◆ **DATA**
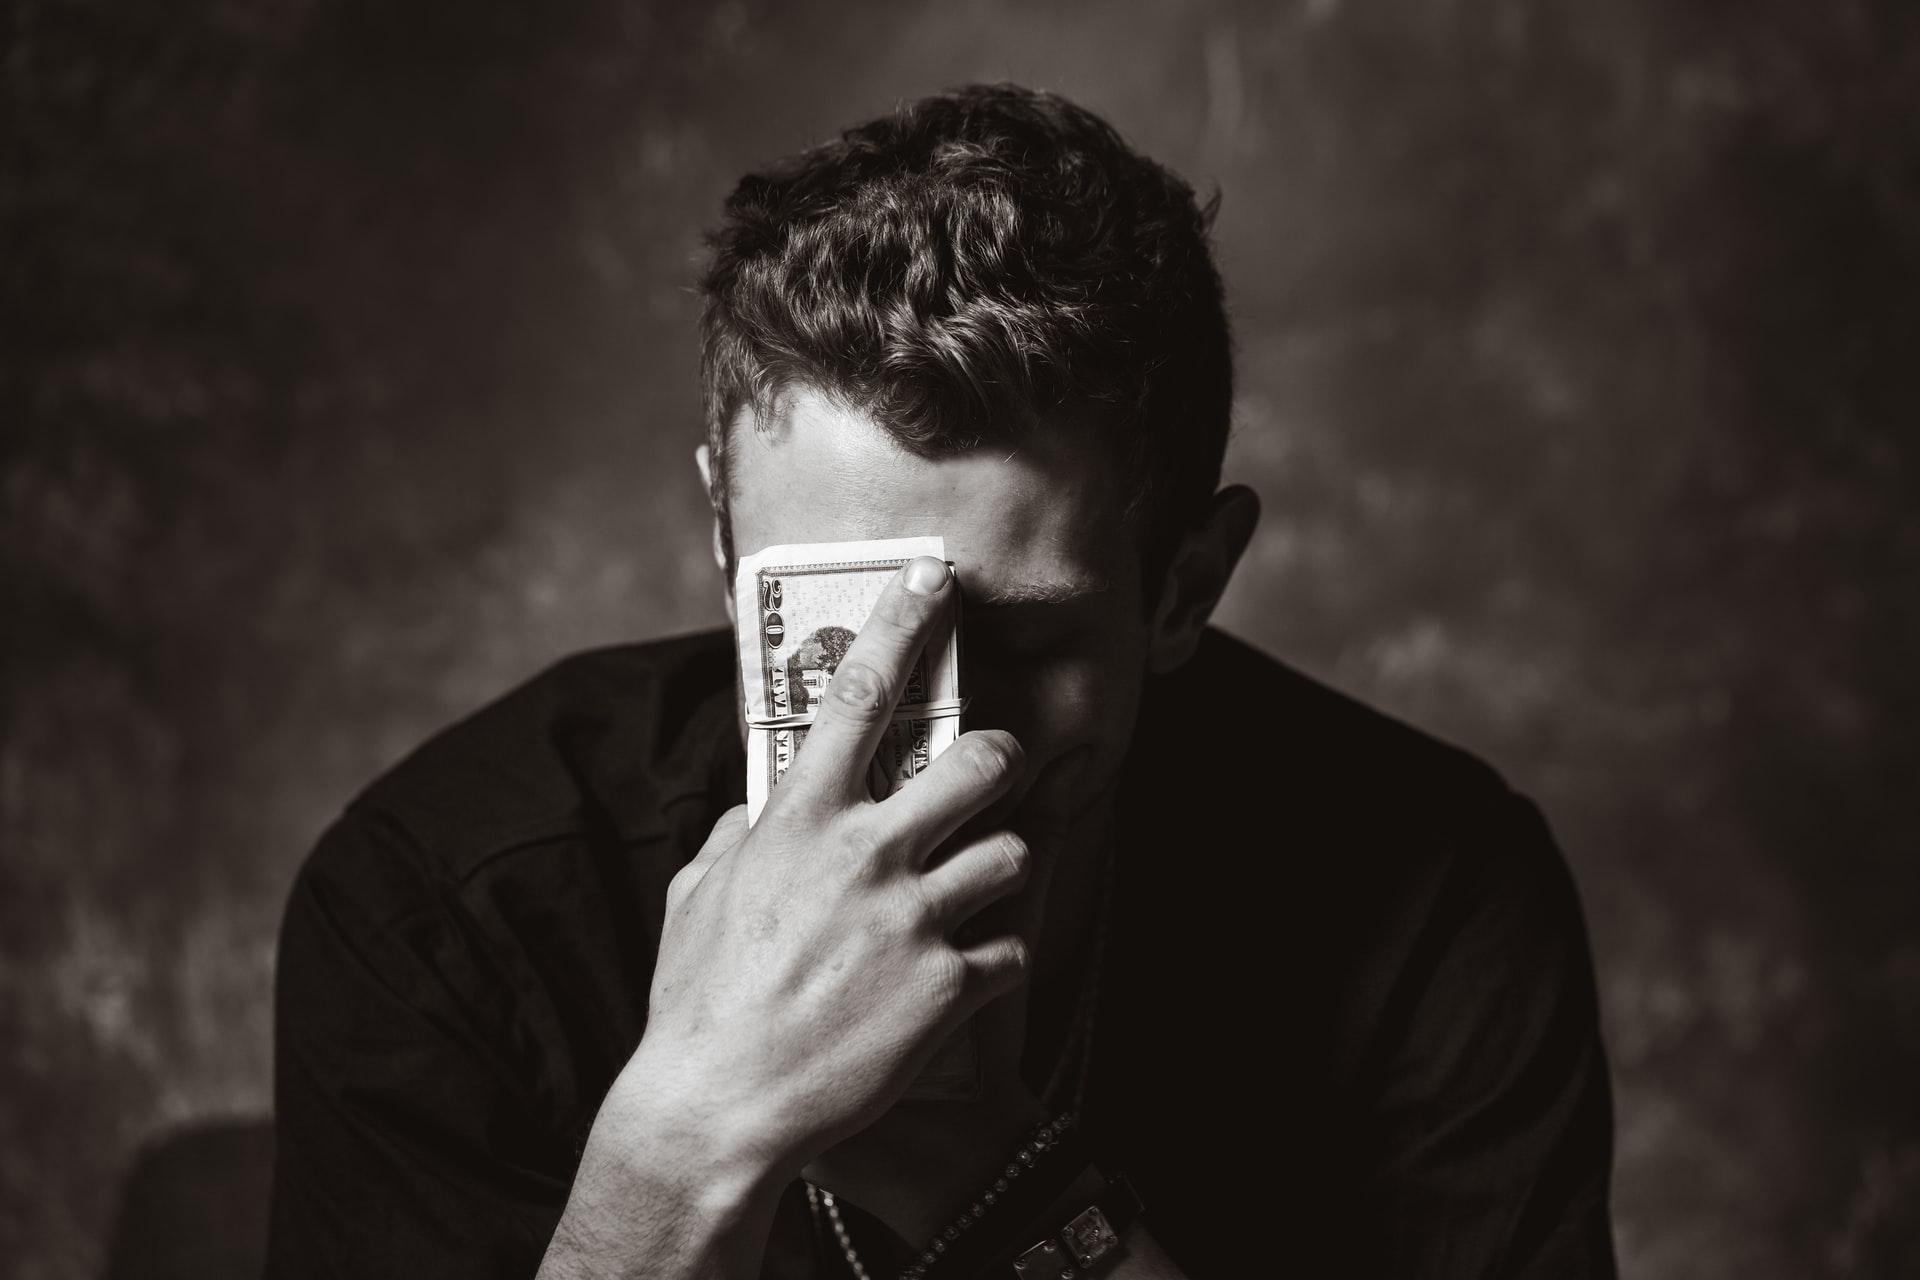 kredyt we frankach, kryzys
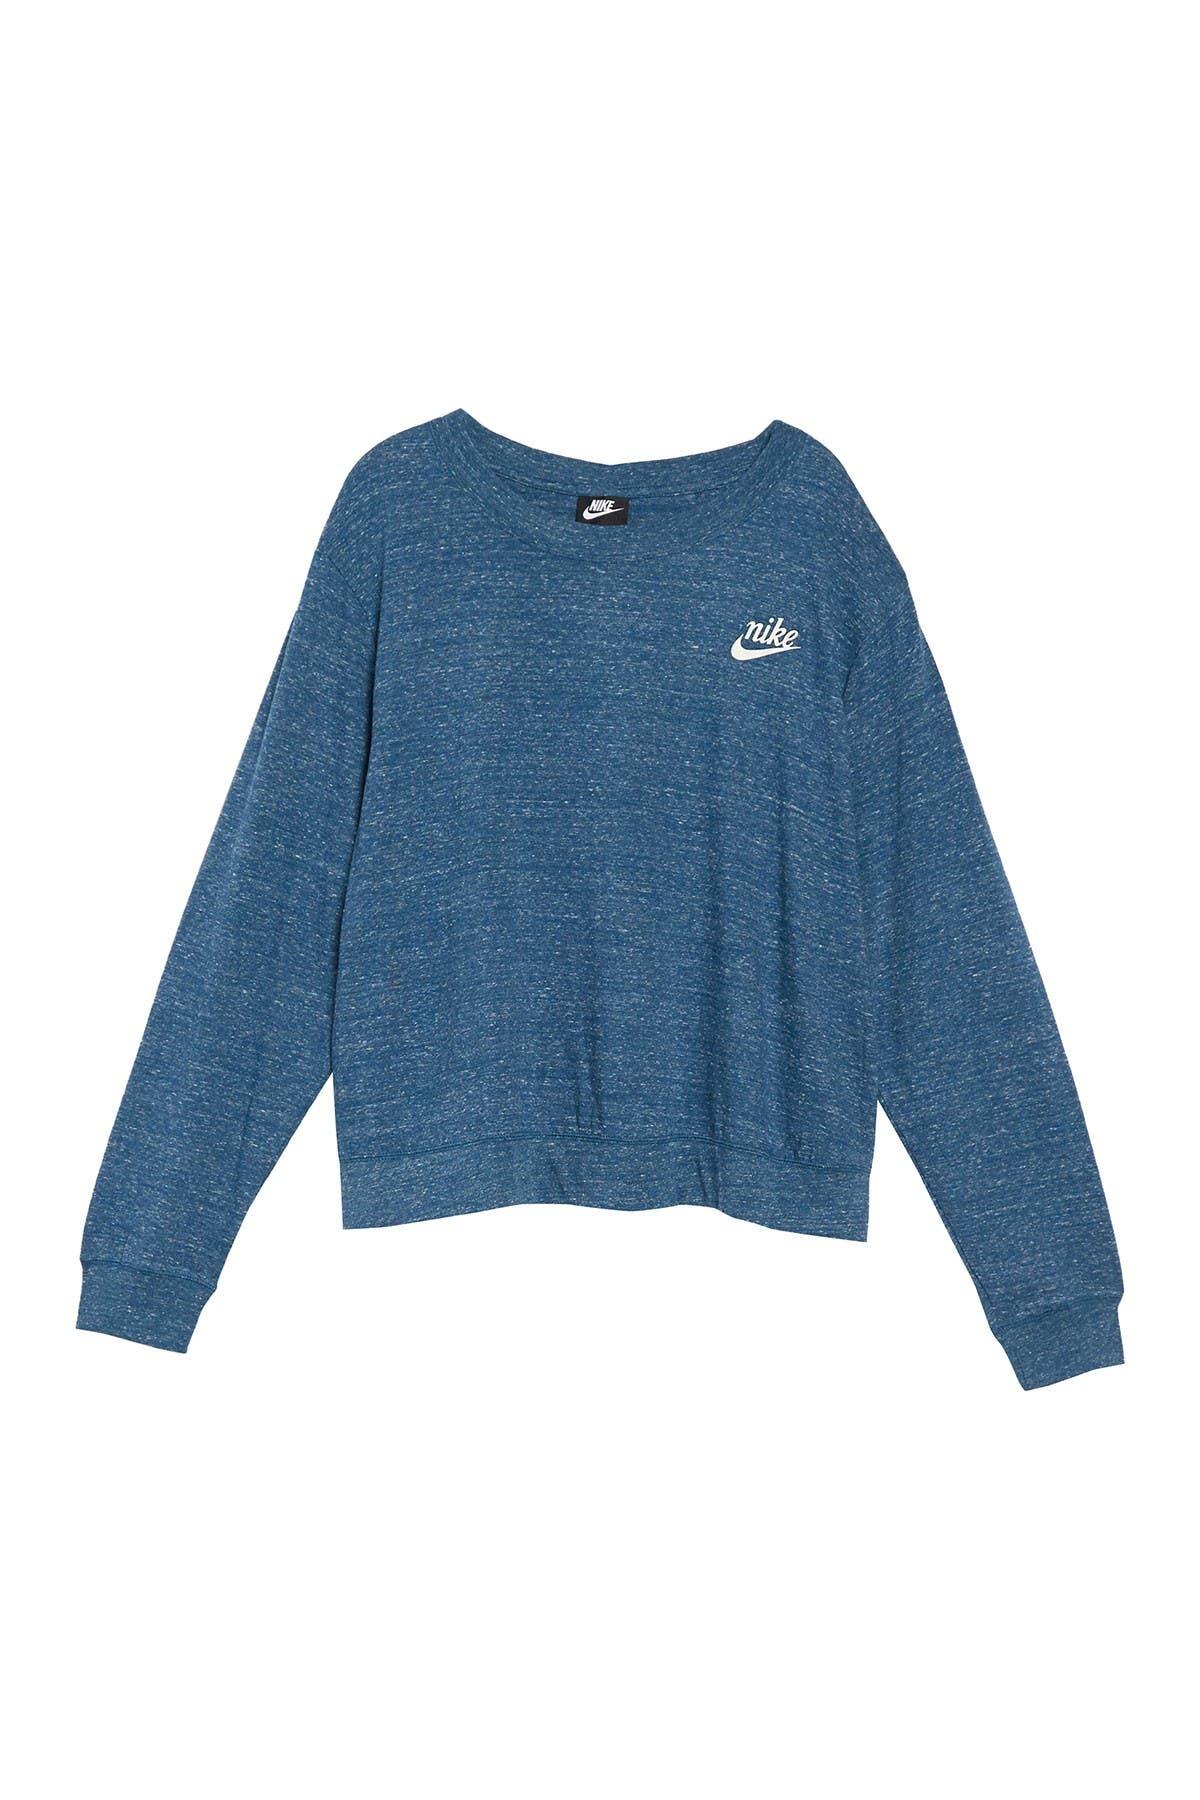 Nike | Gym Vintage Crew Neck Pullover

==

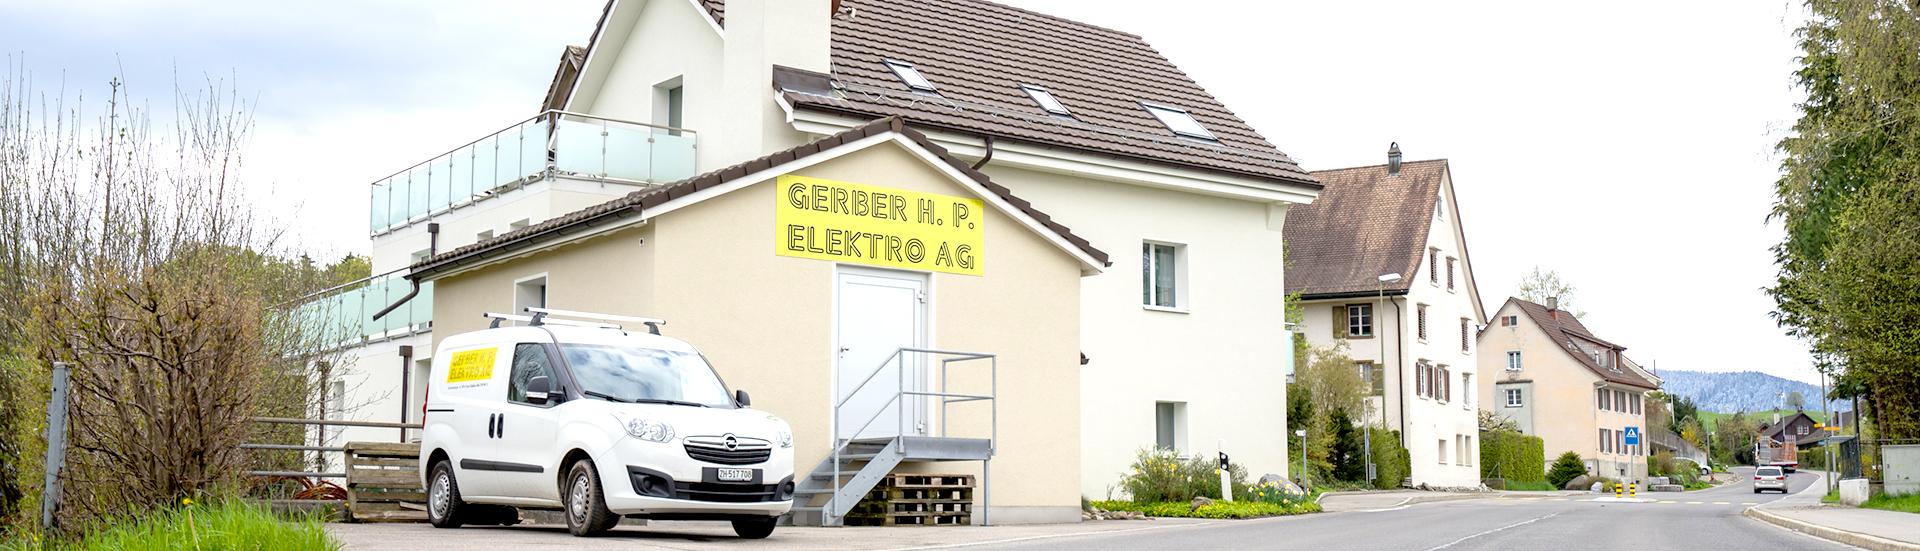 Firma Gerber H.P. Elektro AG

◆ **PROMPT**
In the listing above, find the line with "kredyt we frankach, kryzys" and the line with "Nike | Gym Vintage Crew Neck Pullover". Transcribe those two and everything between, exactly, leaving out pictures.

◆ **REPLY**
 kredyt we frankach, kryzys
 Nike | Gym Vintage Crew Neck Pullover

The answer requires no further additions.